A Observabilidade Tradicional não mede o ROI do seu agente de IA

Resumo, Tese Central, Principais Insights e Recomendações Estratégicas Resumo A maioria das iniciativas corporativas de IA Generativa atinge um teto de maturidade ao restringir sua observabilidade ao nível atômico da mensagem. Monitorar se a Inteligência Artificial respondeu rápido, sem alucinações em uma execução isolada e sem estourar o orçamento de tokens cria uma falsa sensação […]

ago 11 , 2026

Gestão

Resumo, Tese Central, Principais Insights e Recomendações Estratégicas

Resumo

A maioria das iniciativas corporativas de IA Generativa atinge um teto de maturidade ao restringir sua observabilidade ao nível atômico da mensagem. Monitorar se a Inteligência Artificial respondeu rápido, sem alucinações em uma execução isolada e sem estourar o orçamento de tokens cria uma falsa sensação de controle. O usuário pode vivenciar uma série de interações tecnicamente perfeitas e, ainda assim, abandonar o canal sem que o seu problema real tenha sido resolvido.

Tese Central: A maturidade de um ecossistema de IA Conversacional não reside na acurácia técnica de respostas isoladas, mas no desfecho definitivo da sessão. Arquitetos de soluções que focam apenas em Trace (telemetria de infraestrutura) ou Eval Atômico (qualidade da mensagem) precisam dar mais um passo para influenciarem diretamente o P&L da companhia. A verdadeira governança exige a implementação do Session Eval em uma arquitetura de Control Plane desacoplada, medindo implacavelmente a Taxa de Conclusão de Tarefas (Task Completion Rate).

Principais Insights:

  • – O Paradoxo da Sessão Perfeita: Uma sessão pode acumular dez Traces (mensagens trocadas com o usuário) tecnicamente perfeitos, sem erros e com baixa latência, e ainda representar uma falha de negócio se o usuário for conduzido a um loop repetitivo.
  • – A Insuficiência do Eval Atômico: Ferramentas de mercado validam a sintaxe, a ausência de alucinação e até a qualidade da resposta de cada prompt, mas ignoram a máquina de estados do negócio. O agente pode ser extremamente educado e aderente ao tom, e responder corretamente ao que foi instruído a fazer mas falhar em conduzir o cliente à conclusão da jornada.
  • – A Escalabilidade da Auditoria: Depender de pesquisas de satisfação (CSAT) gera amostragem baixa e enviesada; o mercado corporativo exige o padrão LLM-as-a-Judge para auditar milhares de sessões de forma assíncrona e qualitativa.
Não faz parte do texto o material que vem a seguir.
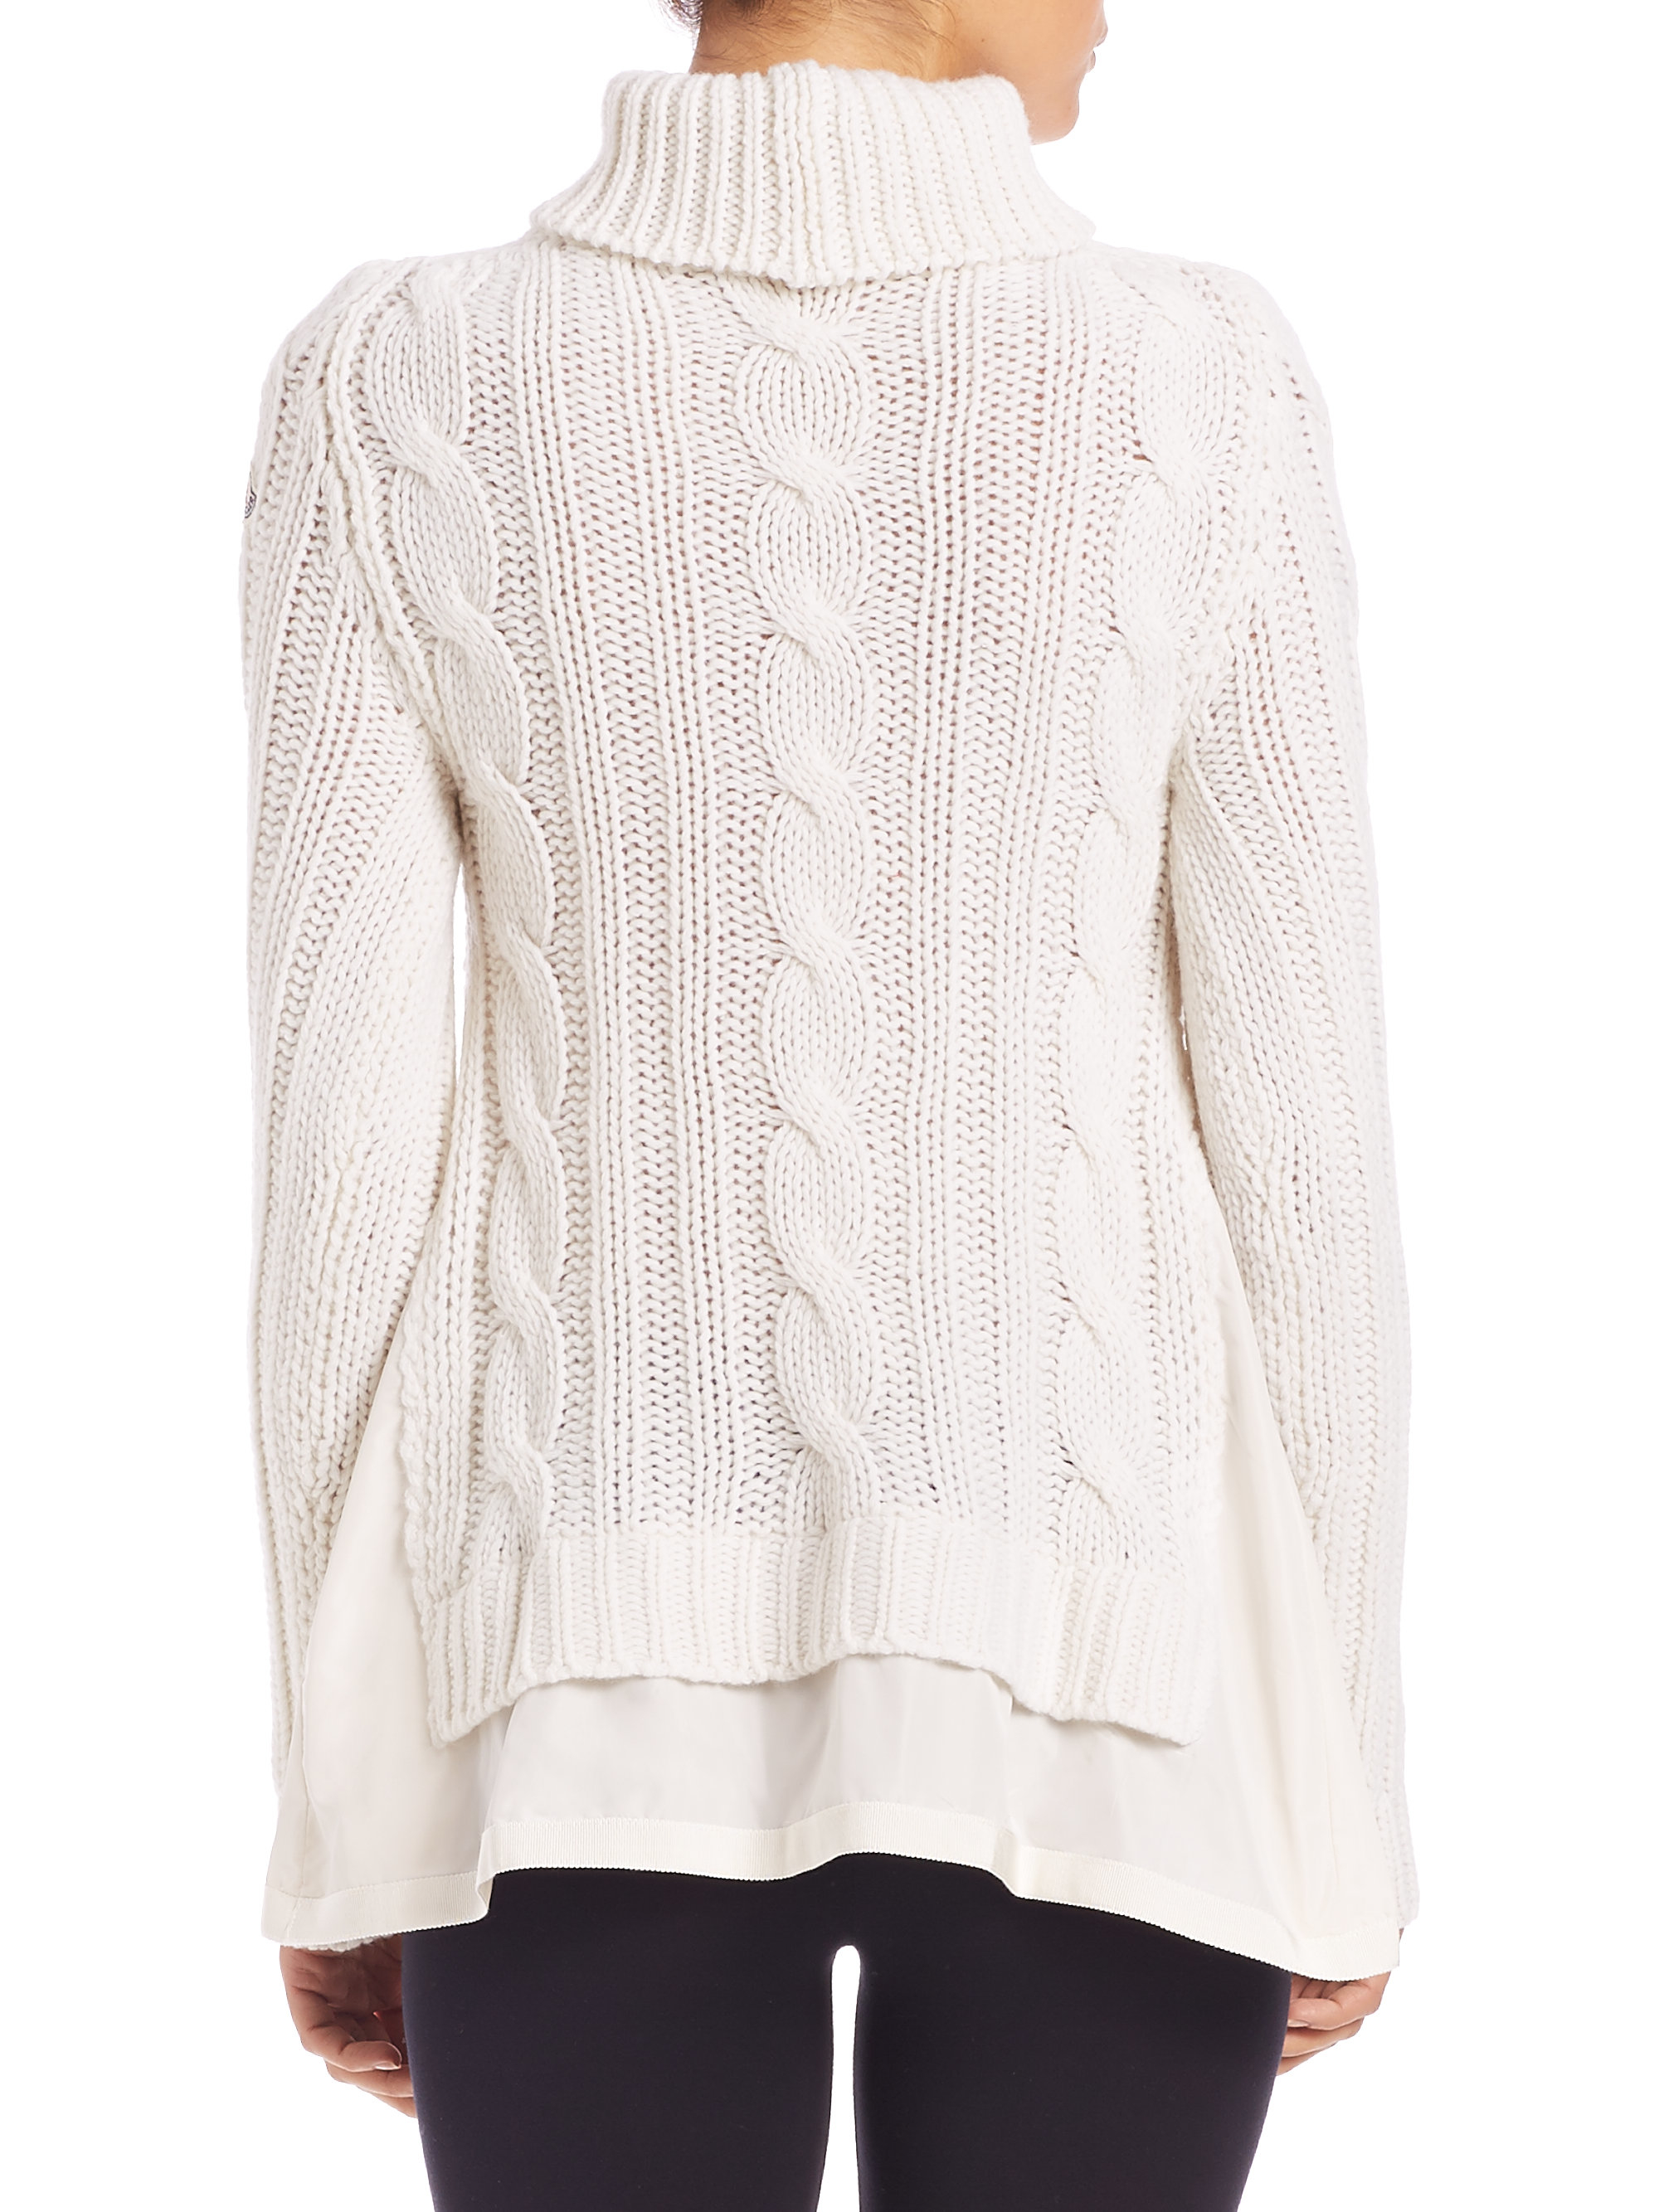 Hem Hemisphere Hemisphere Flared Hem Flared Hem Hemisphere Sweater Flared Sweater Sweater Gris Gris AHf15wx16q

Recomendações Estratégicas (Executivas):

  • – Evoluir Indicadores de Negócio: Complemente métricas operacionais (tempo de resposta, erro HTTP e qualidade de respostas) com indicadores de P&L, focando na Task Completion Rate.
  • – Desacoplar a Arquitetura (Control Plane): Separe a inteligência (prompts, regras de negócio e avaliação) do código de execução (runtimes e orquestradores).
  • – Investir em Roteamento Estratégico: Adote o Sticky Routing (Roteamento Fixo de Sessão) para garantir que a mesma estratégia de atendimento seja mantida do início ao fim da jornada, permitindo testes A/B reais.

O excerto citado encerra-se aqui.